Given entries
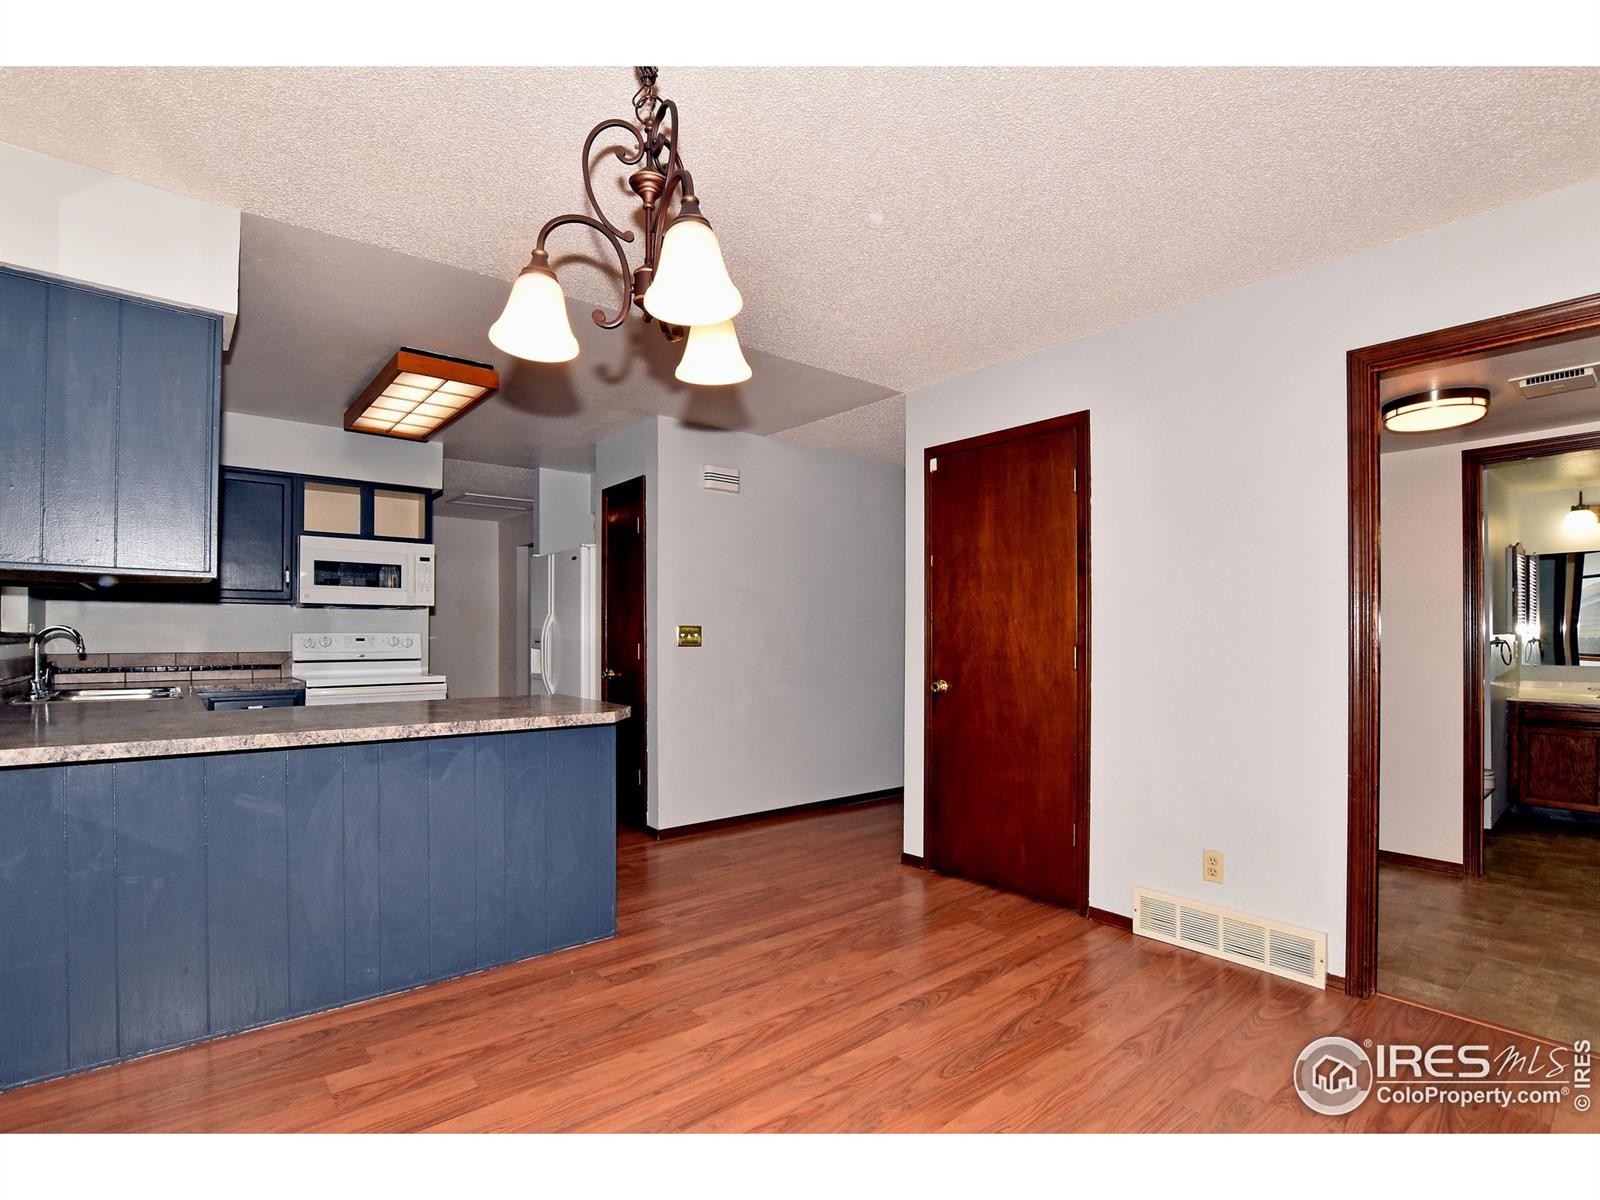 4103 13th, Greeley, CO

* * *

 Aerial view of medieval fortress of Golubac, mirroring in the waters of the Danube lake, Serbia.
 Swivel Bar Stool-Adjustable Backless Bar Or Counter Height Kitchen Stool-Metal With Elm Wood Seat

Assignment
Only one stretch of the records above is wanted: the lines between the one holding "Aerial view of" and the one holding "Swivel Bar Stool-Adjustable", inclusive, reproduced exactly.

Answer section
 Aerial view of medieval fortress of Golubac, mirroring in the waters of the Danube lake, Serbia.
 Swivel Bar Stool-Adjustable Backless Bar Or Counter Height Kitchen Stool-Metal With Elm Wood Seat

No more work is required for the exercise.